Today marks the release of Firefox 5, only three months after Firefox 4 has been released. Due to the lengthy development of Firefox 4 the development team shifted to a rapid release model. Firefox 4 development took about a year and many features that were already done couldn’t be delivered to users. Now more frequent releases with smaller updates will happen.
Firefox 5 indeed doesn’t come with a long list of changes, in comparison to Firefox 4. As evidenced by the Firefox 5 release notes (at the time of writing these were still marked beta), there have been some minor additions and a lot of improvements. The major new feature is support for CSS Animations. Basically it allows to animate content via CSS, including special control functions and definition of keyframes. The other changes include better canvas, memory and networking performance, improved support for HTML5 and other standards.

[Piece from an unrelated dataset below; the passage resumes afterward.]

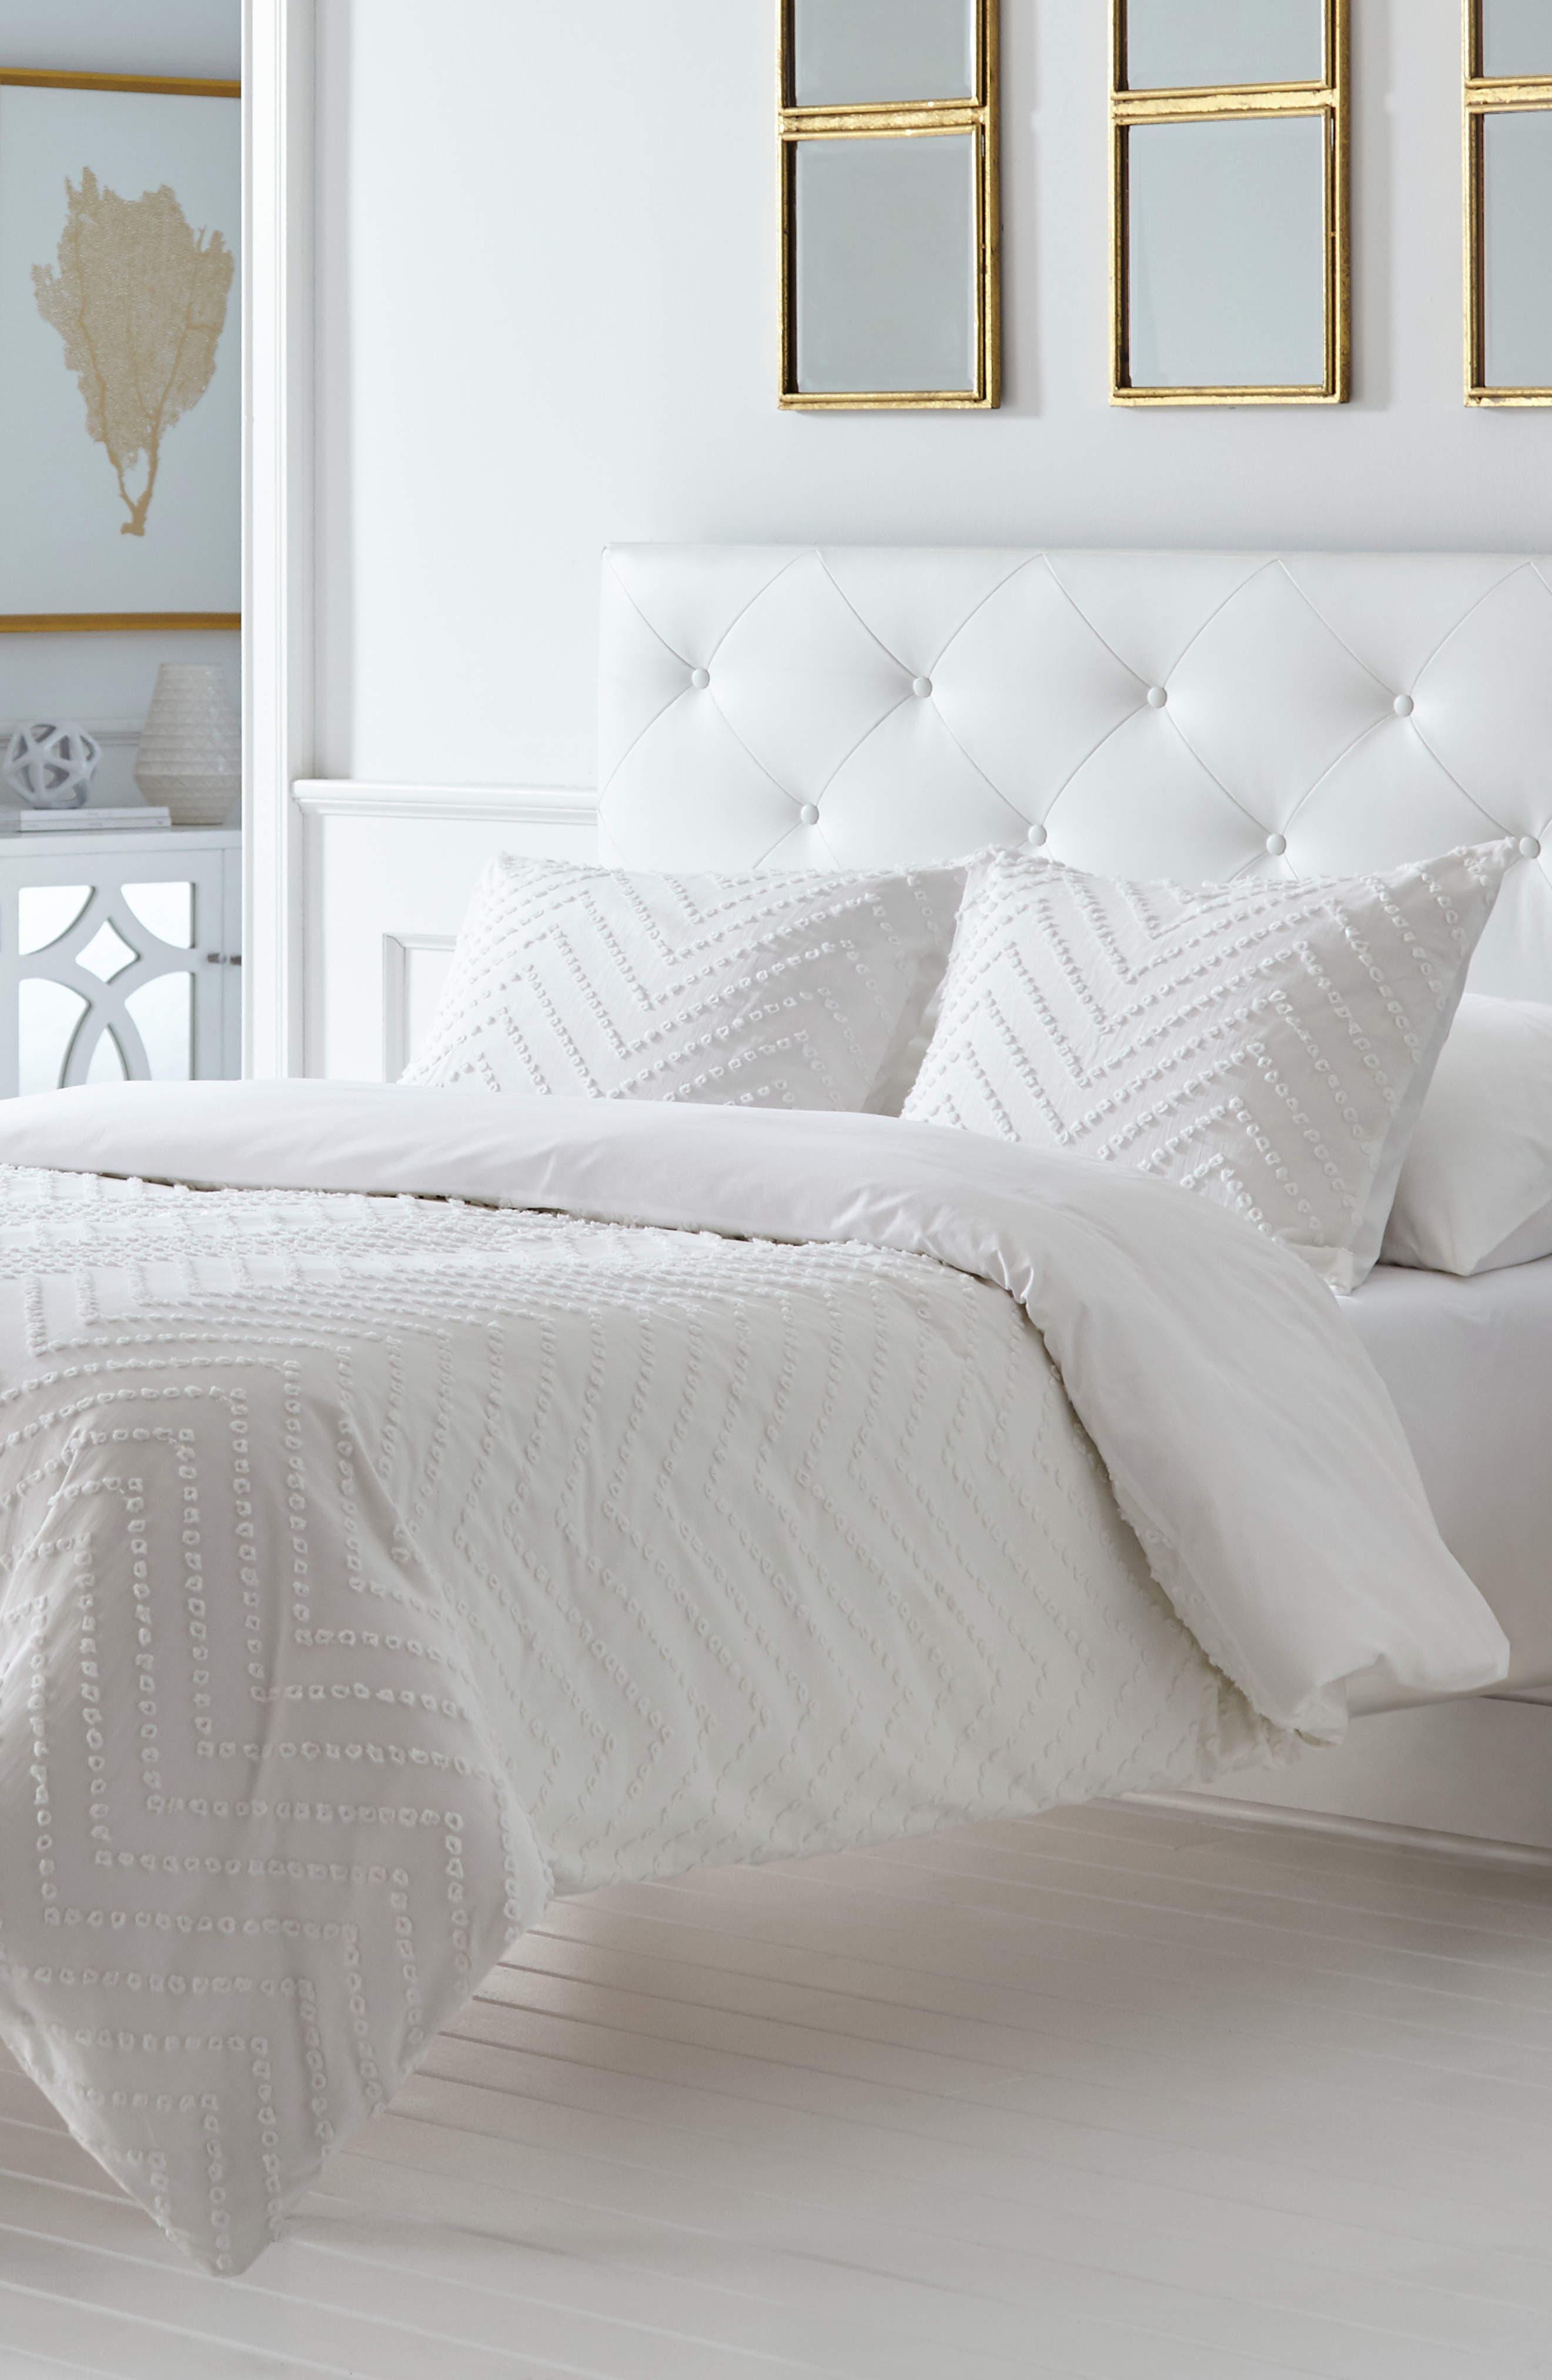 TRINA TURK Freya Comforter & Sham Set, Main, color, 100

Lastly, inactive tabs will only be processed once per second, thus improving overall performance and hopefully battery life.
Most notably, Firefox no longer supports cross-domain loading of WebGL textures. This was made in a bid to improve security. Recently, there have been some reports about how WebGL is bad for security, since shader code runs directly on the graphics hardware. This was fueled by a Microsoft blog, though other people at Microsoft advocate to use WebGL and deal with the issues.
Firefox 4 was a big success and managed to achieve 227.1 million downloads since the launch on March 23rd, as witnessed by Mozillas Glow website, which has been moved to their web archive. Until today, there have been about 1000 downloads per minute, give or take depending on time of day. In a blog post Mozilla developers note that they will probably offer a new iteration of that website to measure Firefox success with the new rapid release model in mind.
Worldwide Browser Statistics by StatCounter
As evidenced by browser market share stats courtesy of StatCounter, Firefox couldn’t increase its market share within the last two years. In fact due to the aggressive development of Chrome, Firefox lost about 2.5% of marketshare over the course of one year. In the same timeframe, Internet Explorer lost about 9%, but Chrome gained about 11% of share. Thus the developers of Firefox decided to push releases and thus new features and improvements faster to their customers.
For now, the Firefox website doesn’t offer the new release yet. However, the final release of Firefox 5 has been available on Mozillas FTP server since Saturday. You can take your pick here for Windows, Mac OS and Linux.
The next release is already around the corner. Firefox 6 will enter the beta phase on July 5th and should be ready for release sometime in August. Daring users can download the Aurora release branch to check out the new features of the next release.